[Opening Provided material section]
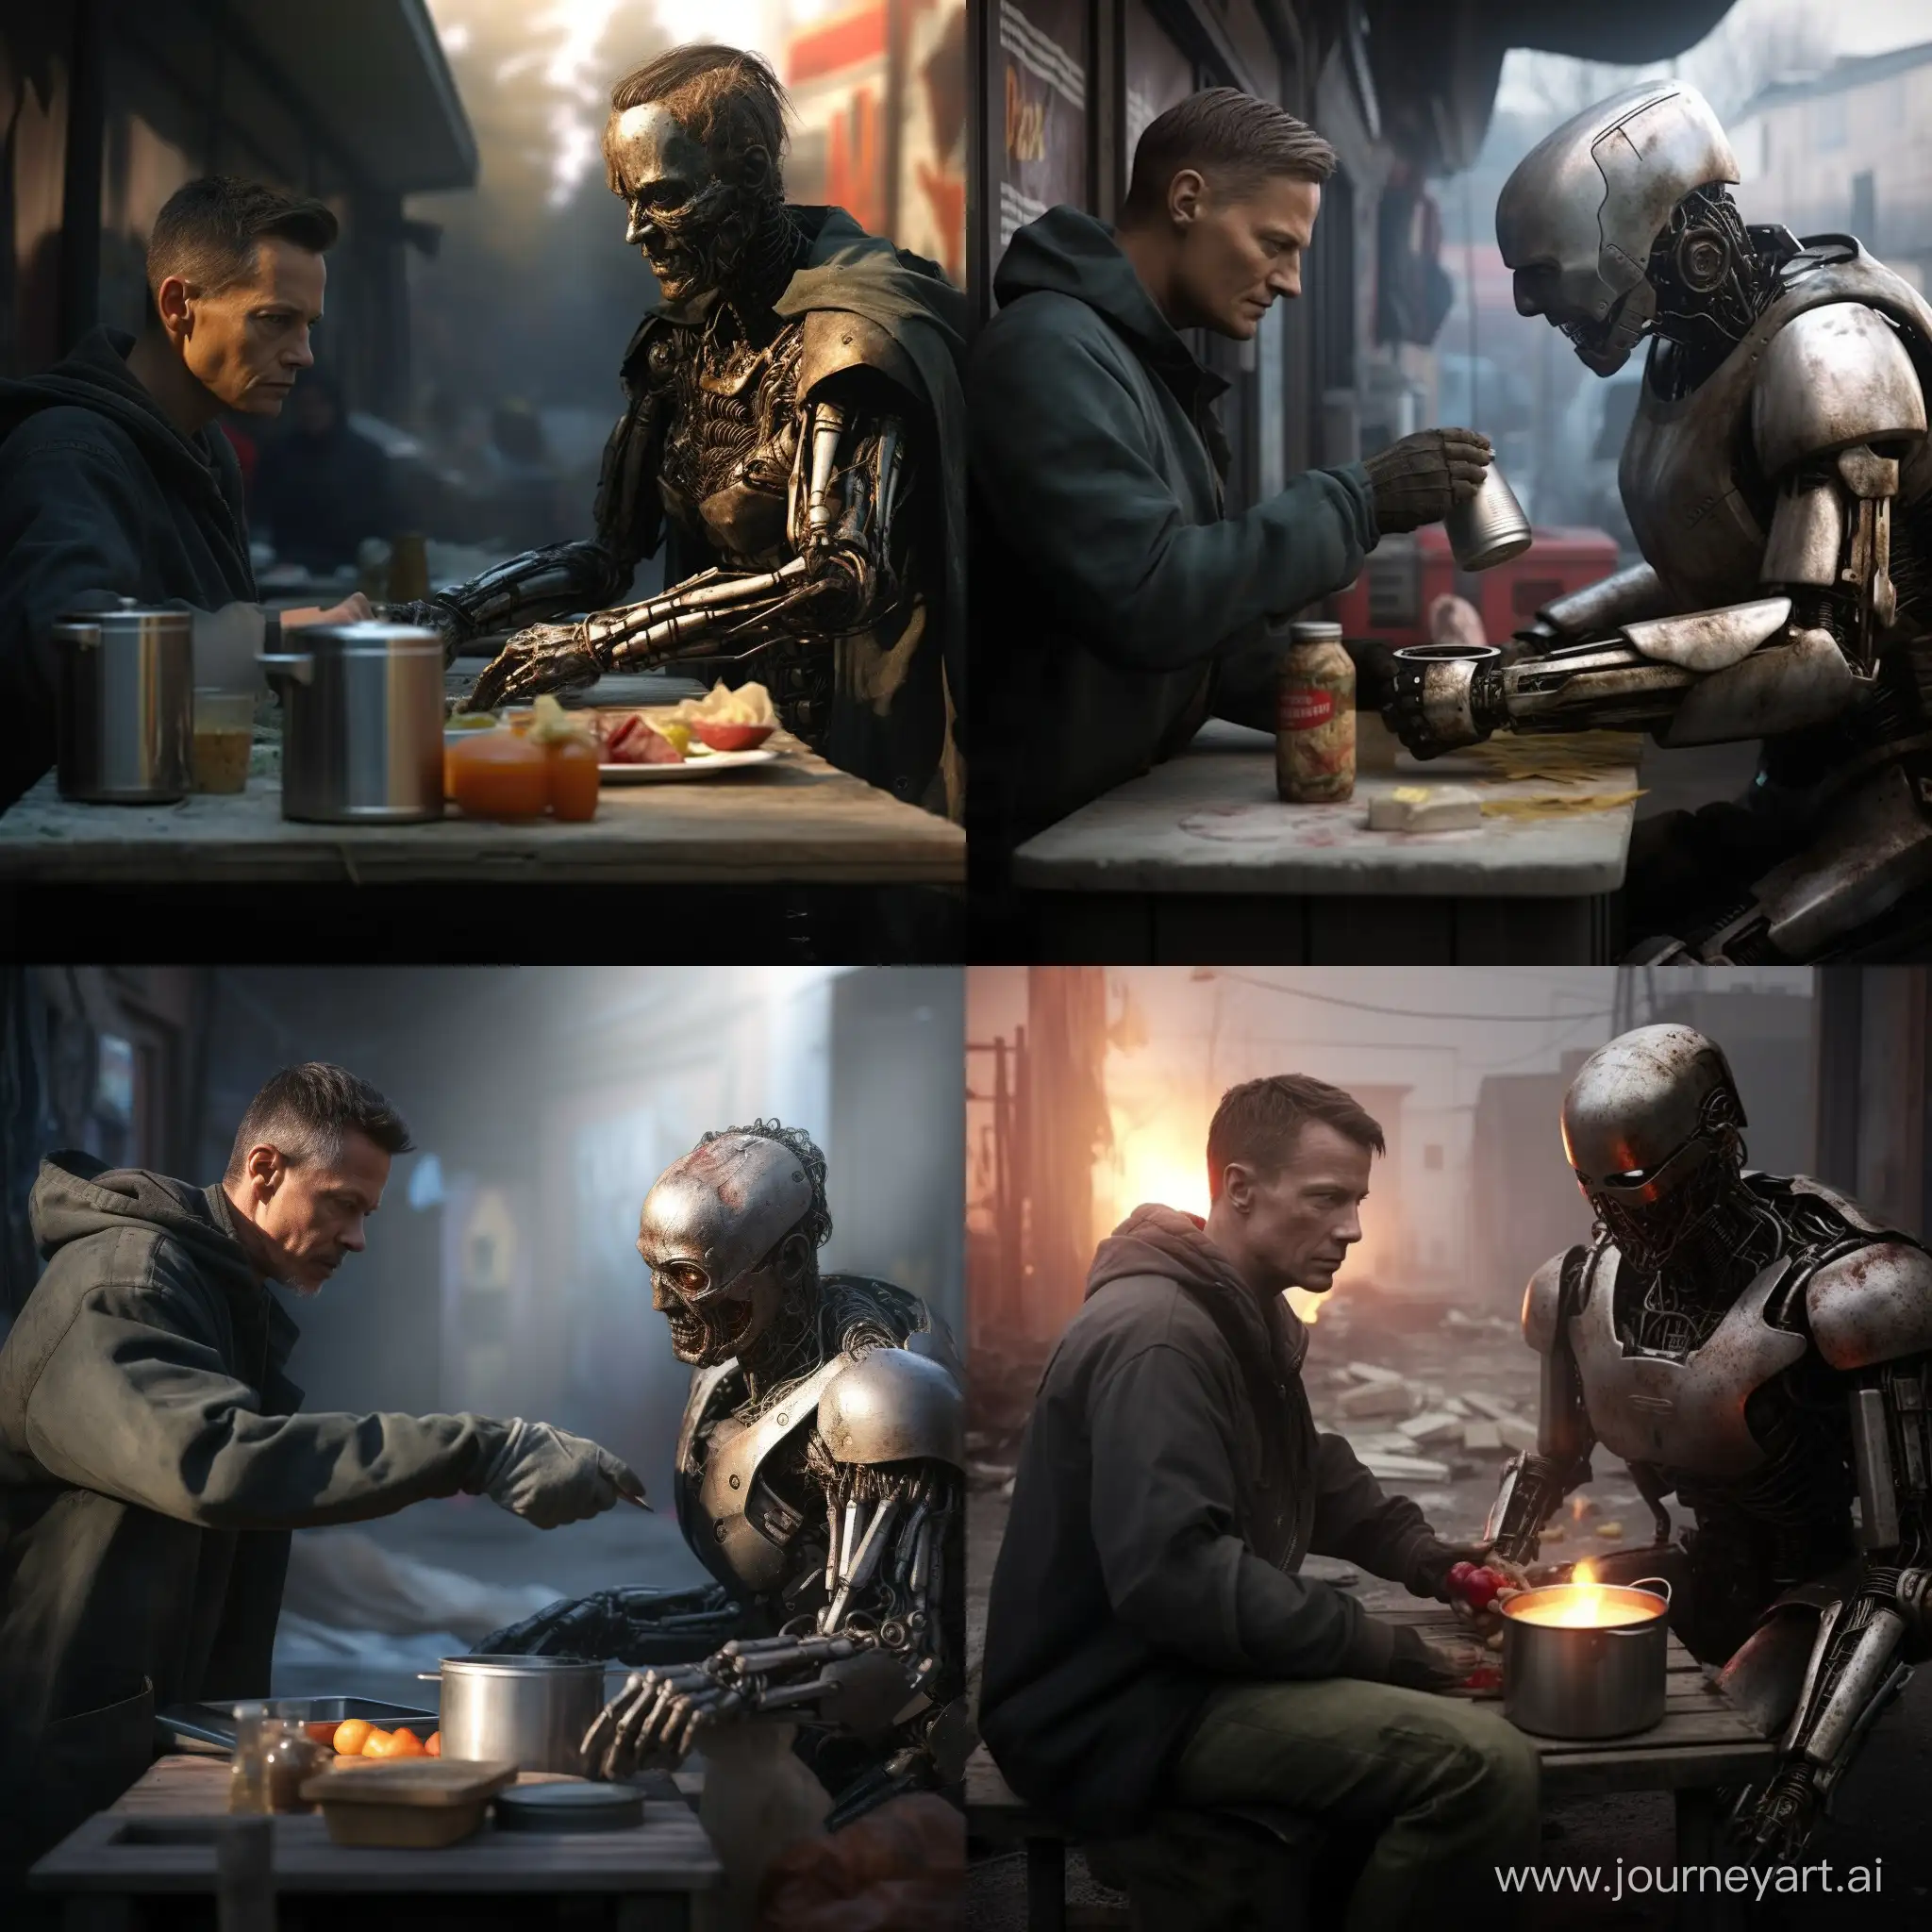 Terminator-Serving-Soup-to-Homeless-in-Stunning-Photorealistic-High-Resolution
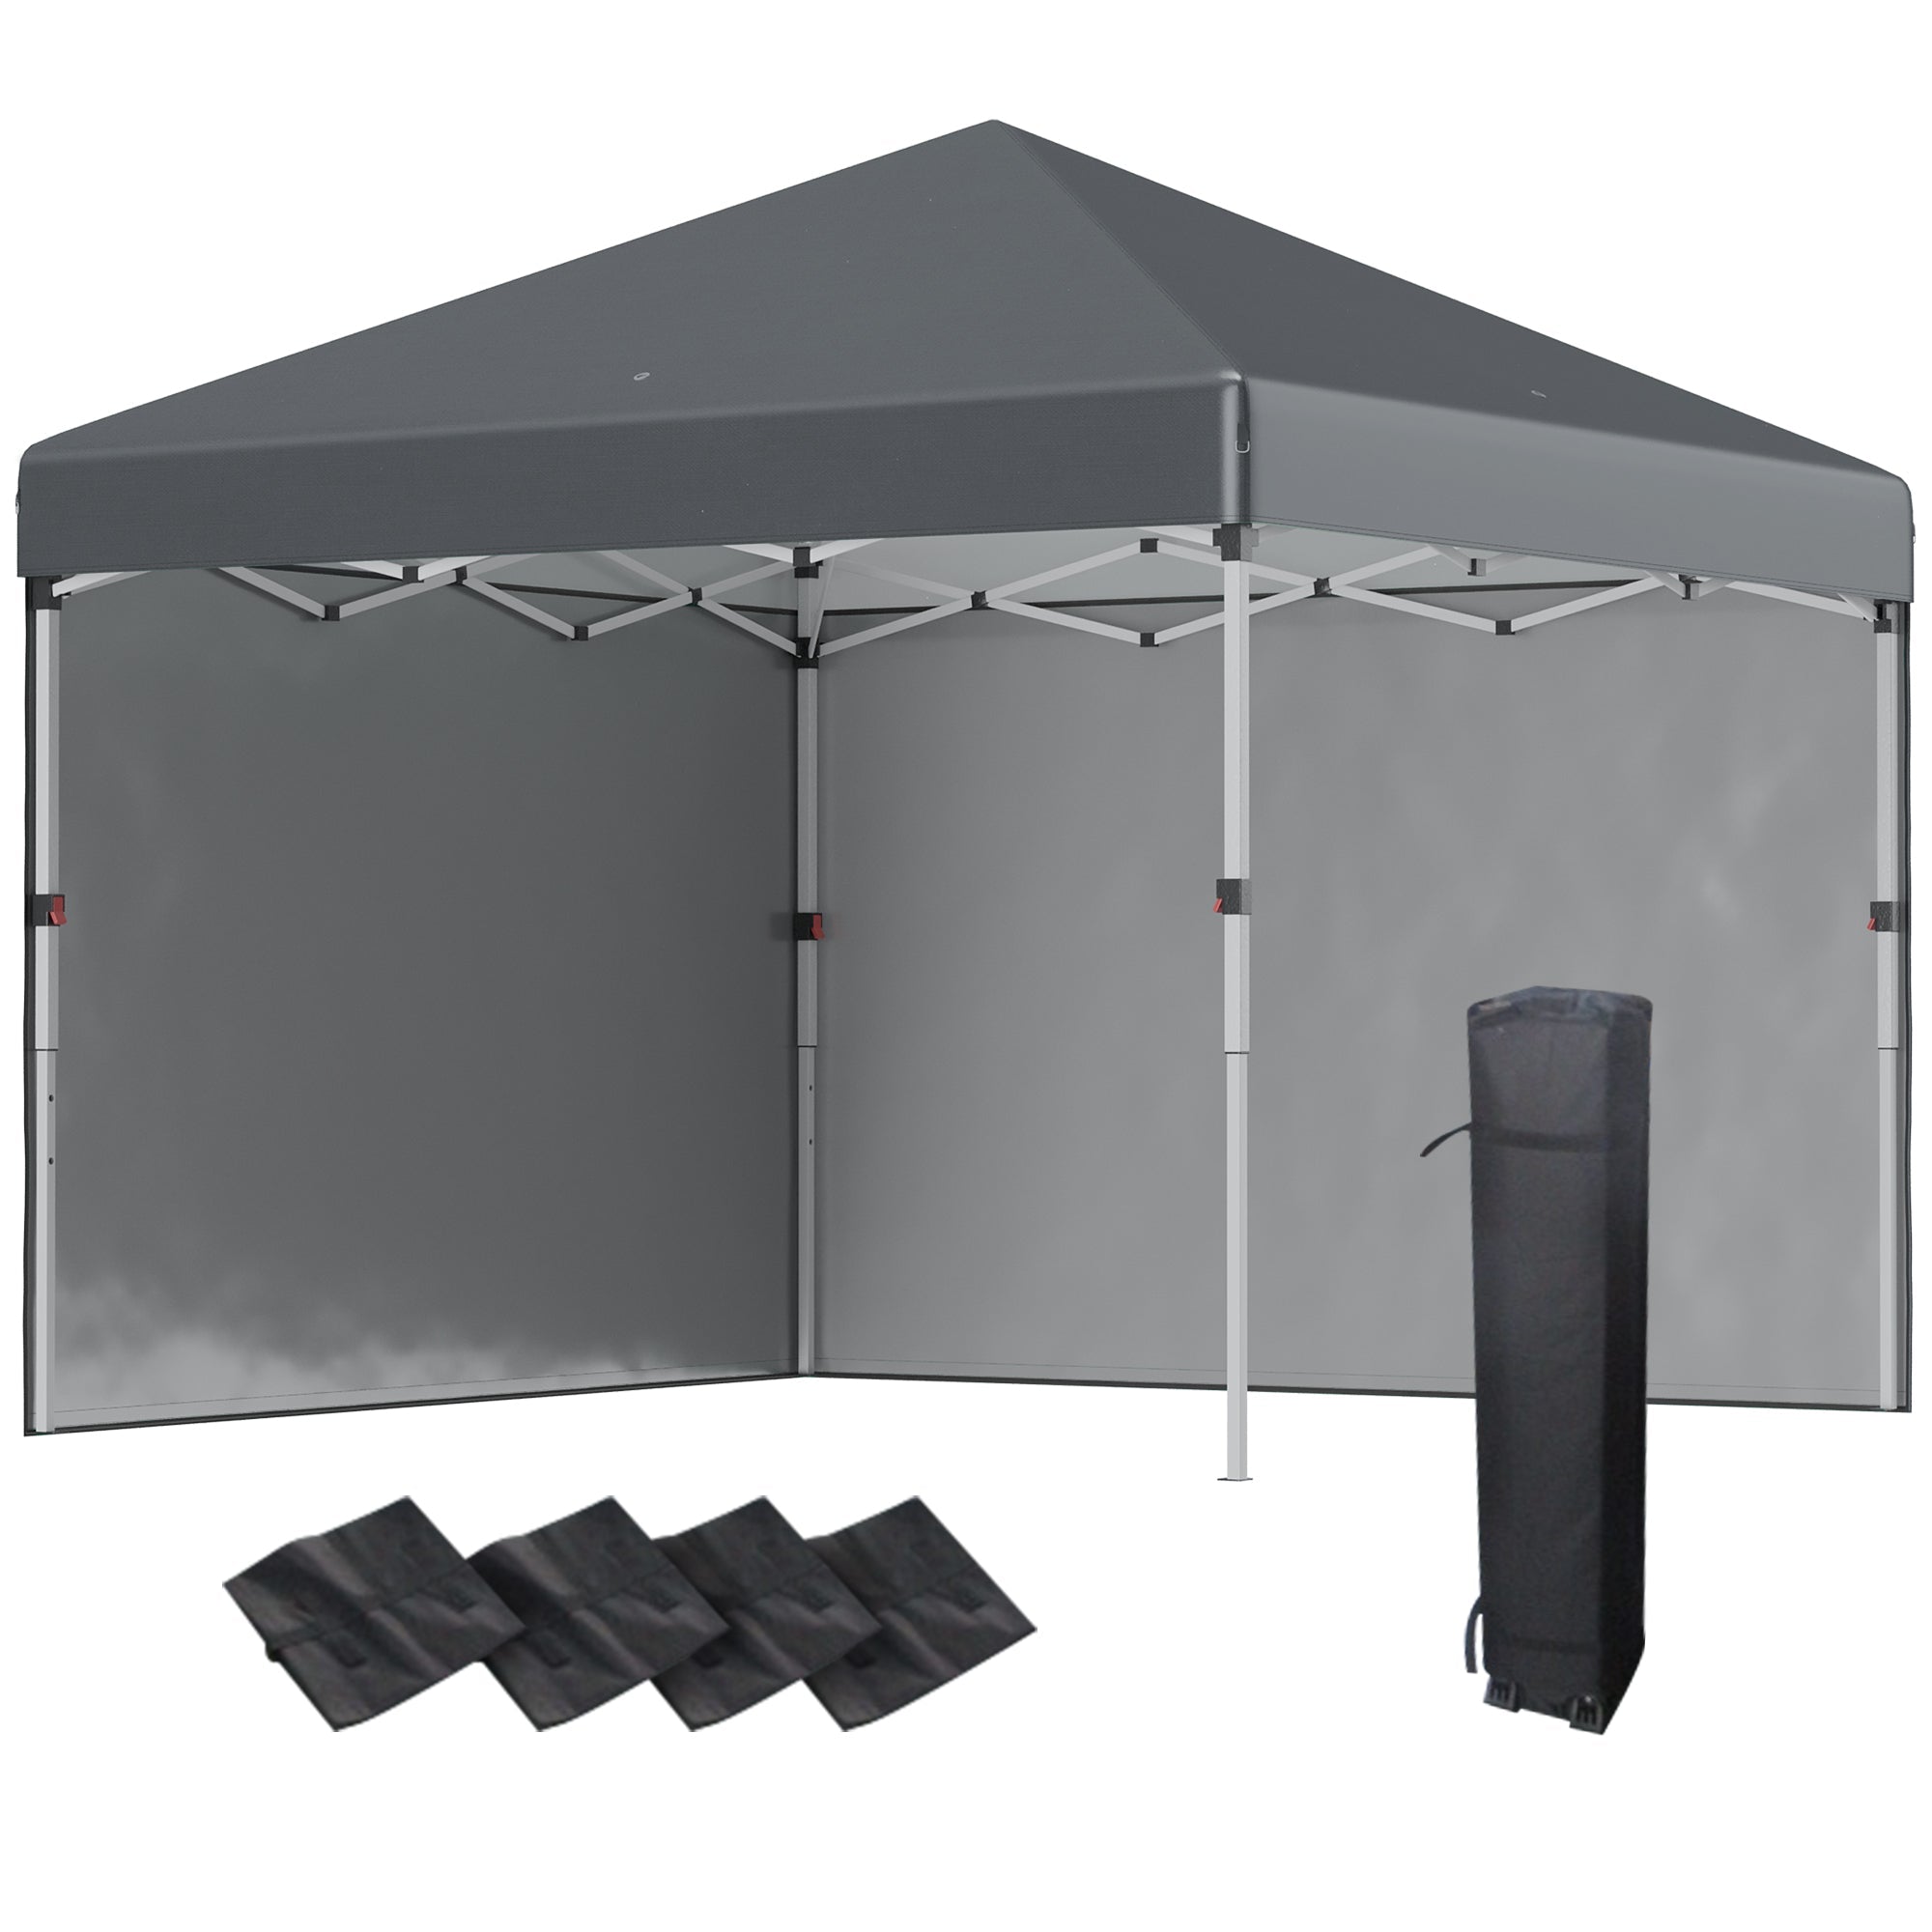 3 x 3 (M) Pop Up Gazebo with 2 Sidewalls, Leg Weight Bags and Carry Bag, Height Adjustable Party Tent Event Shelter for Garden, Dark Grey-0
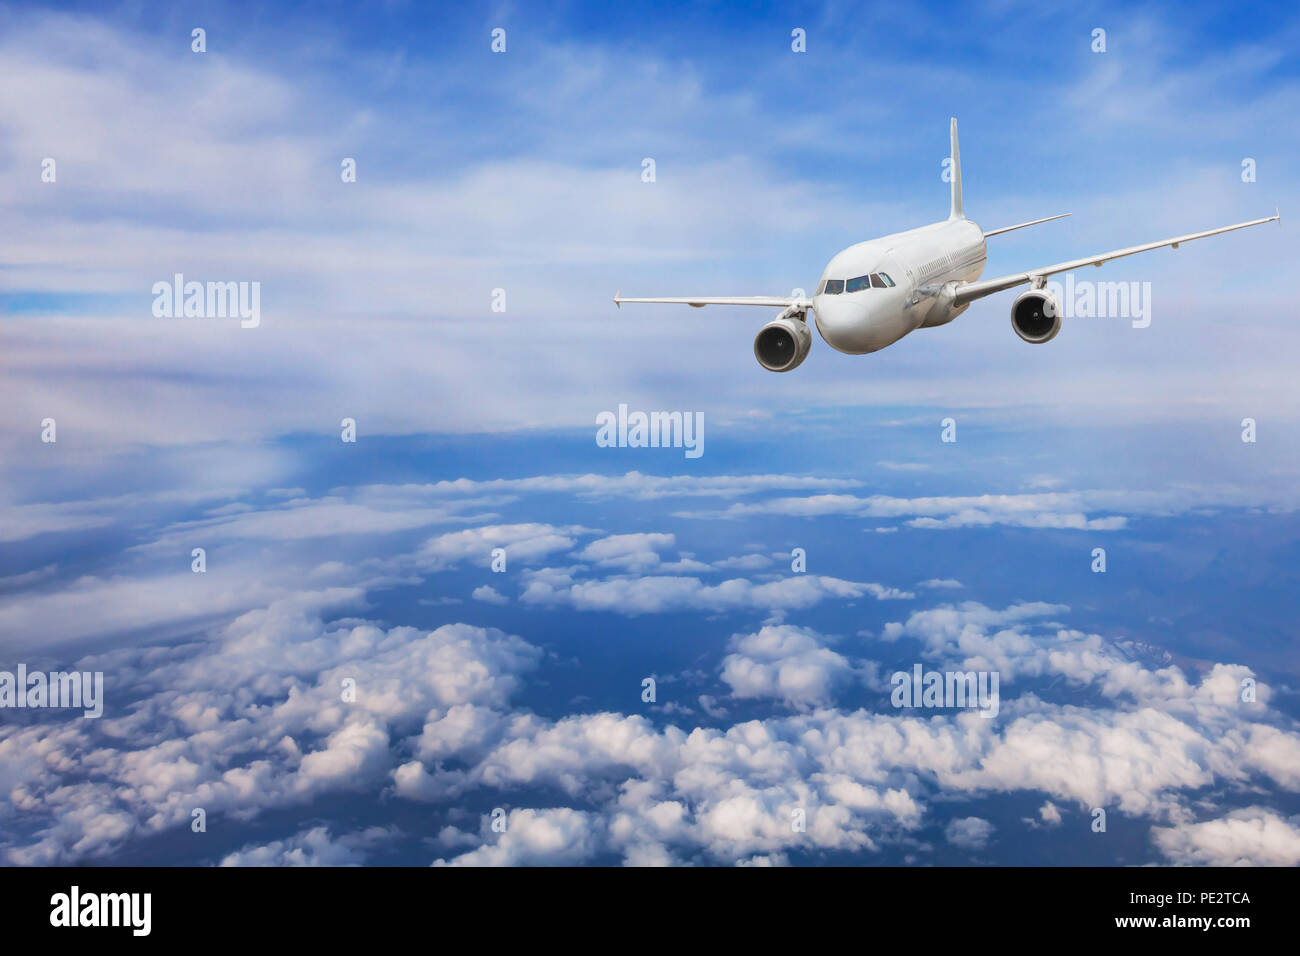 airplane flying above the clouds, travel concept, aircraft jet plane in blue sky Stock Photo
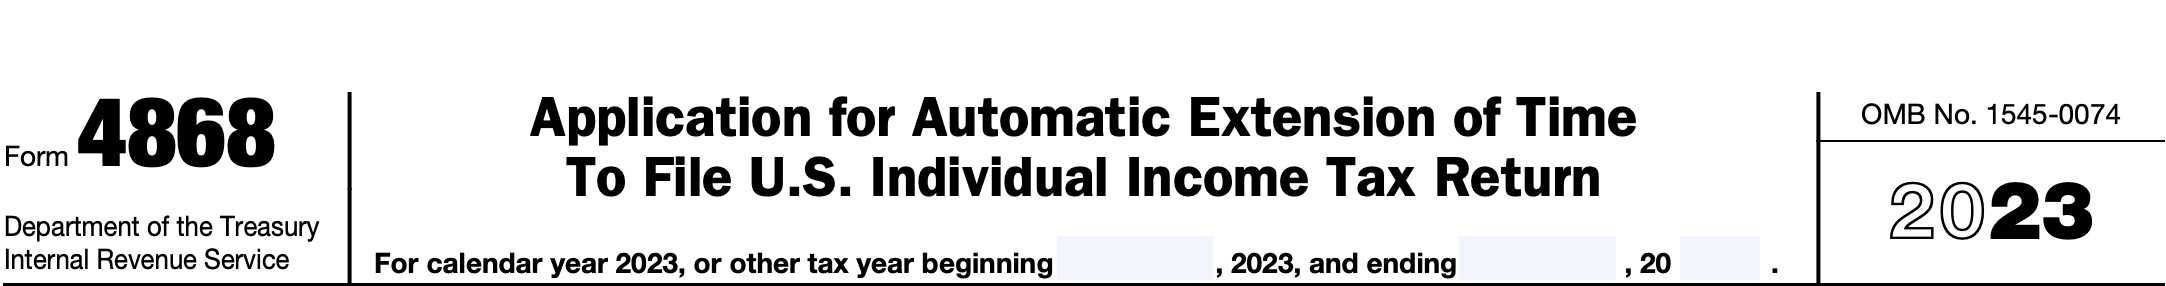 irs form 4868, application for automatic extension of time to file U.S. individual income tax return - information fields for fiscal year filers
[Closing Provided material section]
__How to complete this task__: An acceptable answer consists of the lines above from the one holding "3 x 3 (M) Pop" to the end of the data, repeated exactly and containing no pictures.

__Solved problem__:
 3 x 3 (M) Pop Up Gazebo with 2 Sidewalls, Leg Weight Bags and Carry Bag, Height Adjustable Party Tent Event Shelter for Garden, Dark Grey-0
 airplane flying above the clouds, travel concept, aircraft jet plane in blue sky Stock Photo
 irs form 4868, application for automatic extension of time to file U.S. individual income tax return - information fields for fiscal year filers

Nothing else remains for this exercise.